(TASK DIRECTIONS): The whole listing, except its pictures, is to be repeated exactly.

(SOURCE DATA):
--------------------------------------------------
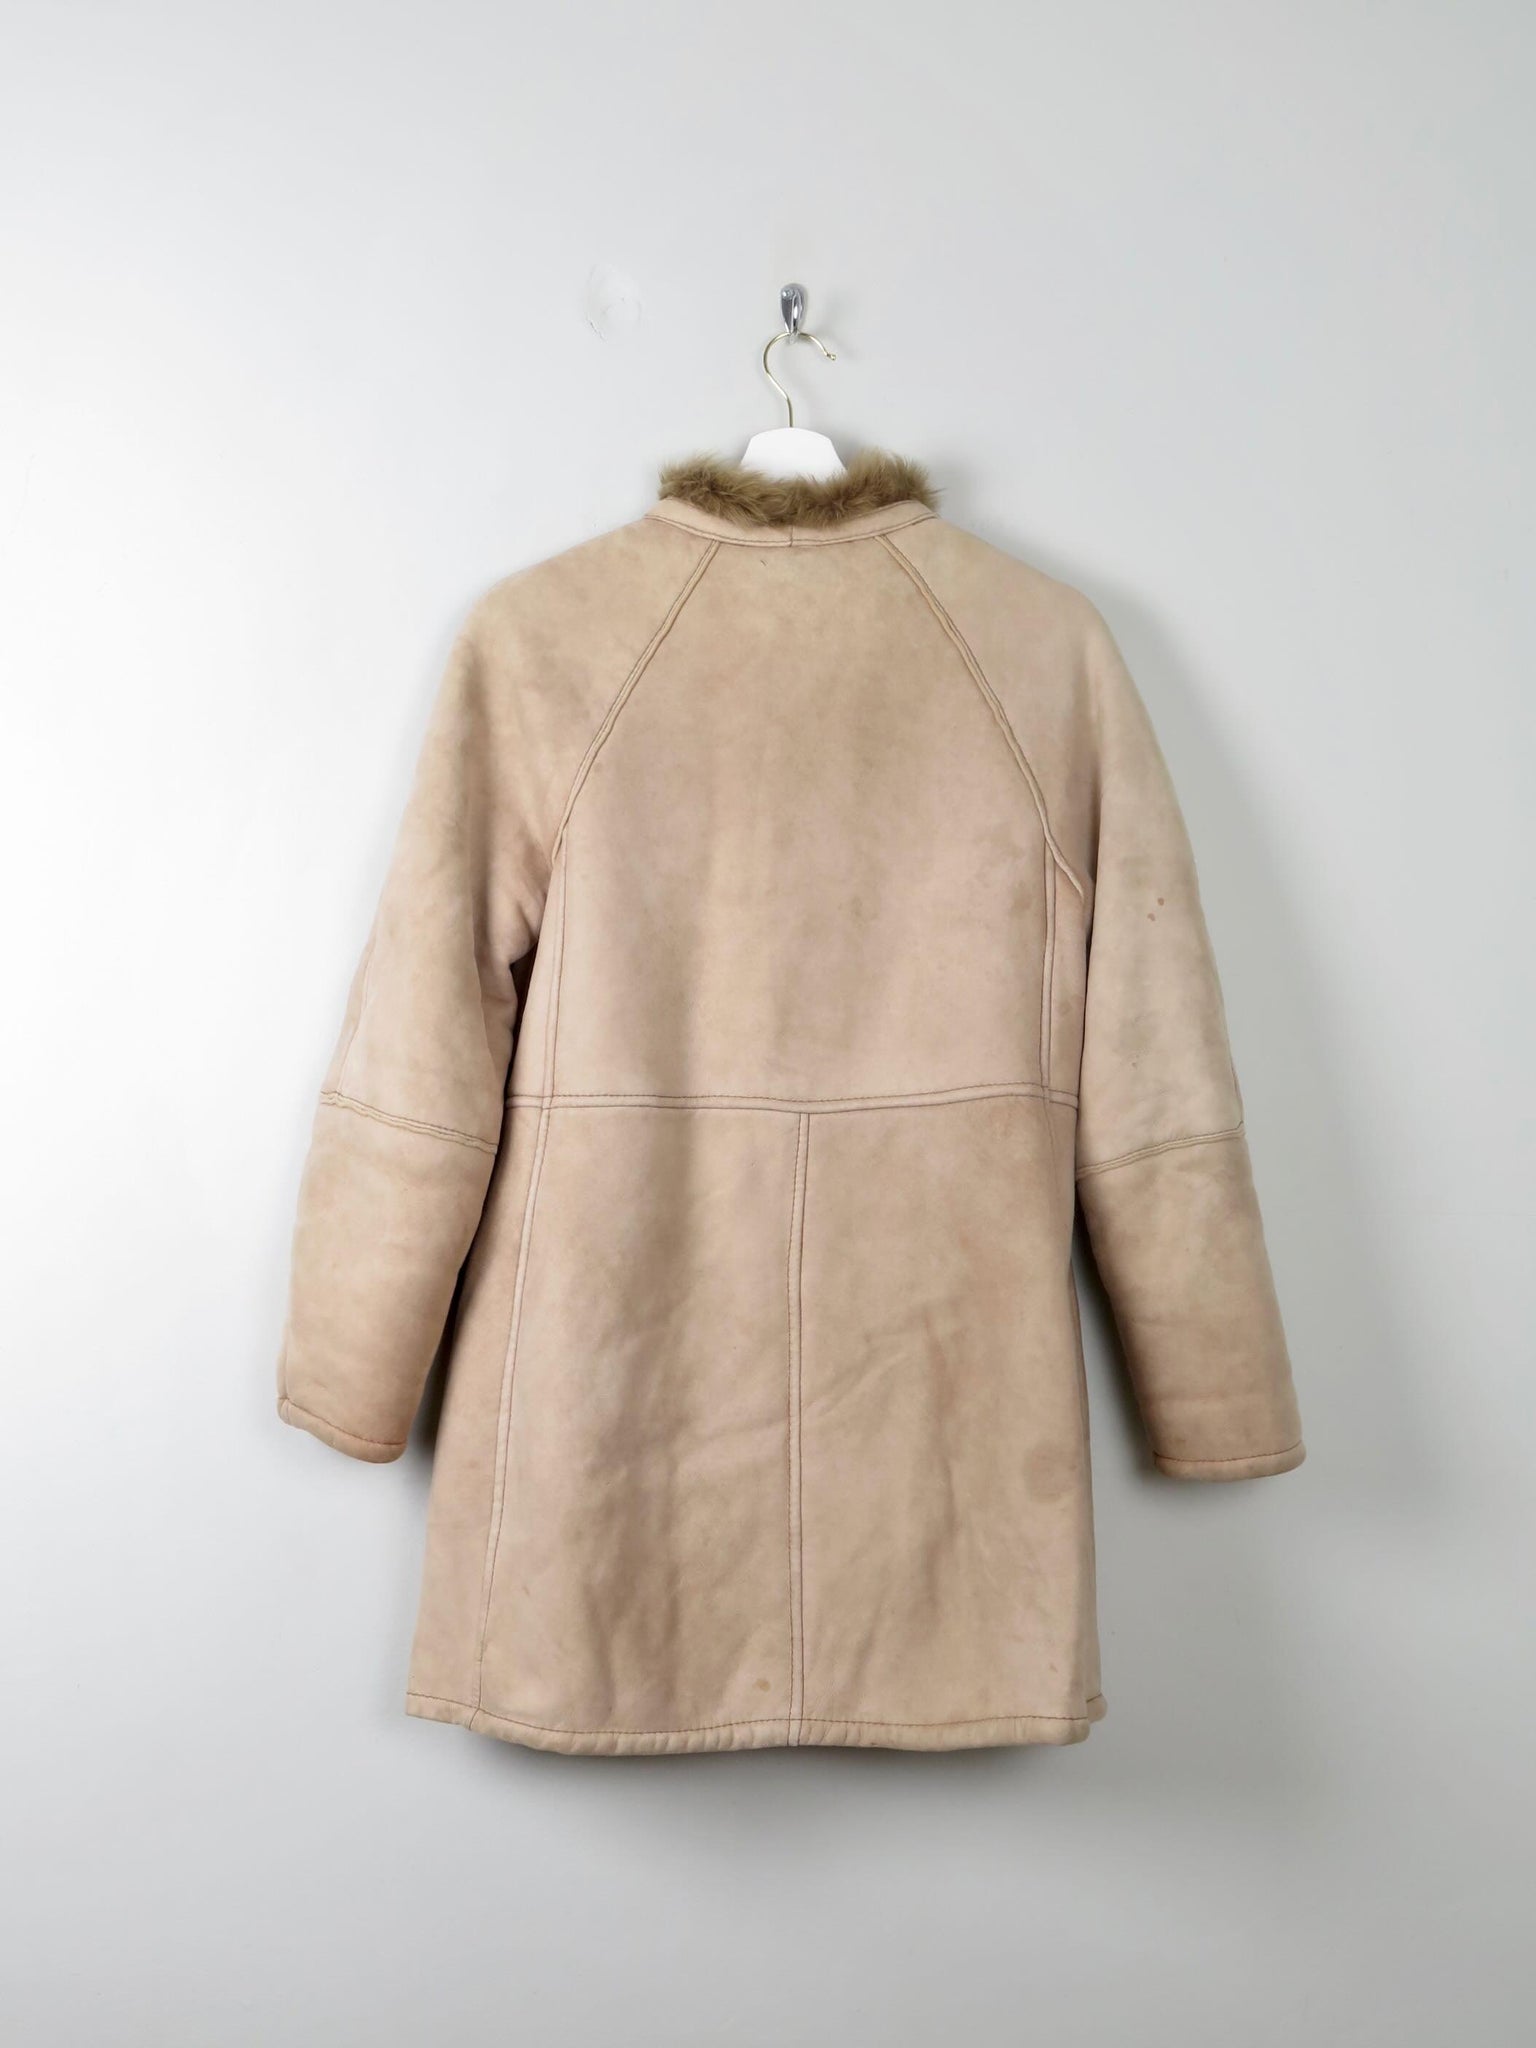 Women's Vintage Taupe Sheepskin Jacket S - The Harlequin
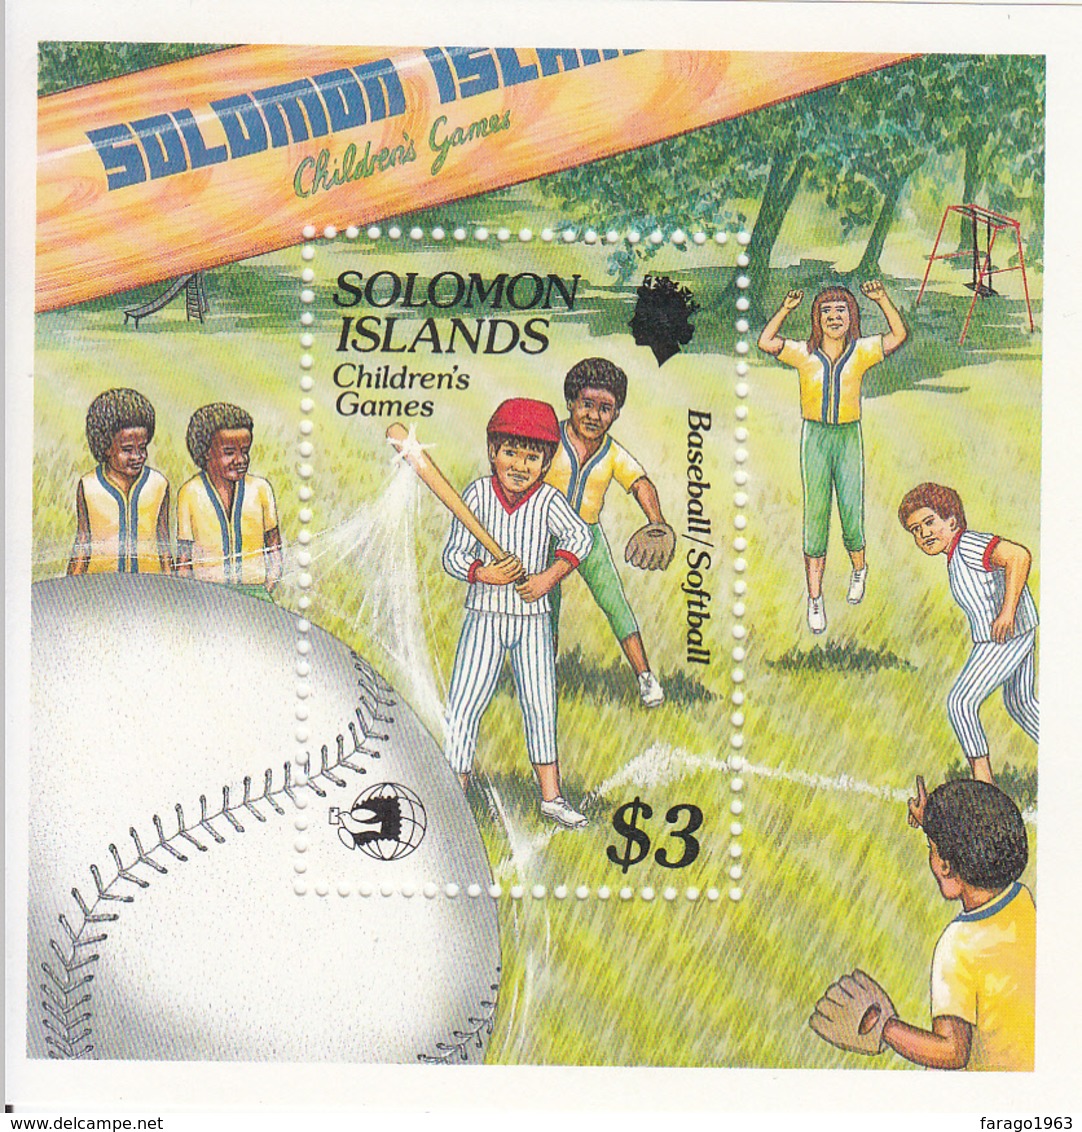 1989 Solomon Islands Children’s Games Playing Baseball / Softball  Souvenir Sheet Of 1 MNH - Salomoninseln (Salomonen 1978-...)
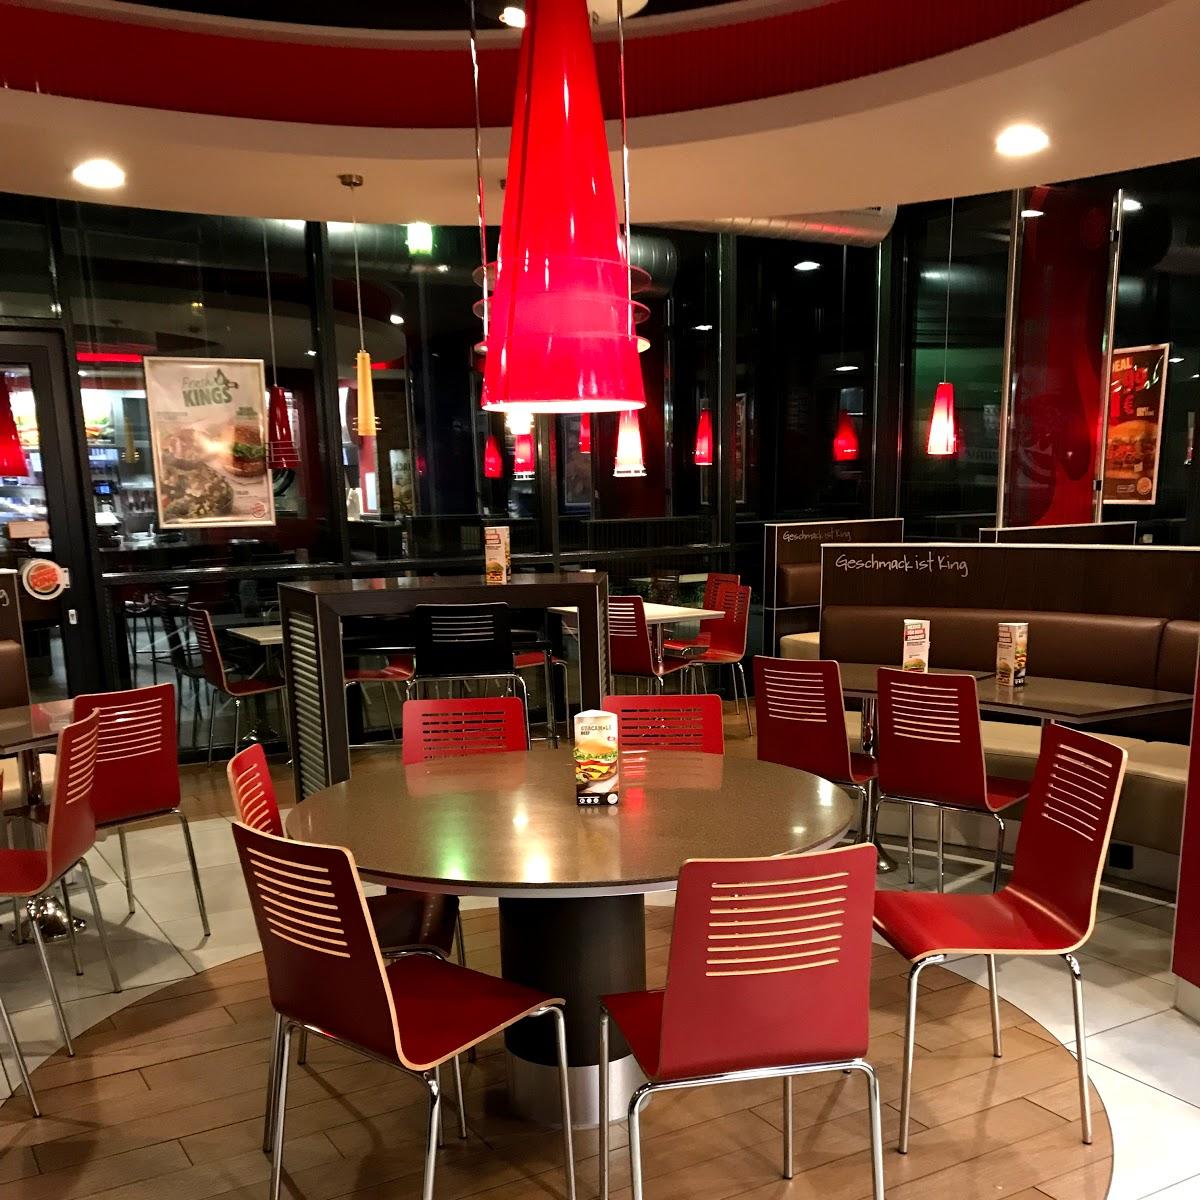 Restaurant "Burger King" in Hechingen
--------------------------------------------------
(RESULT):
 Women's Vintage Taupe Sheepskin Jacket S - The Harlequin
 1989 Solomon Islands Children’s Games Playing Baseball / Softball  Souvenir Sheet Of 1 MNH - Salomoninseln (Salomonen 1978-...)
 Restaurant "Burger King" in Hechingen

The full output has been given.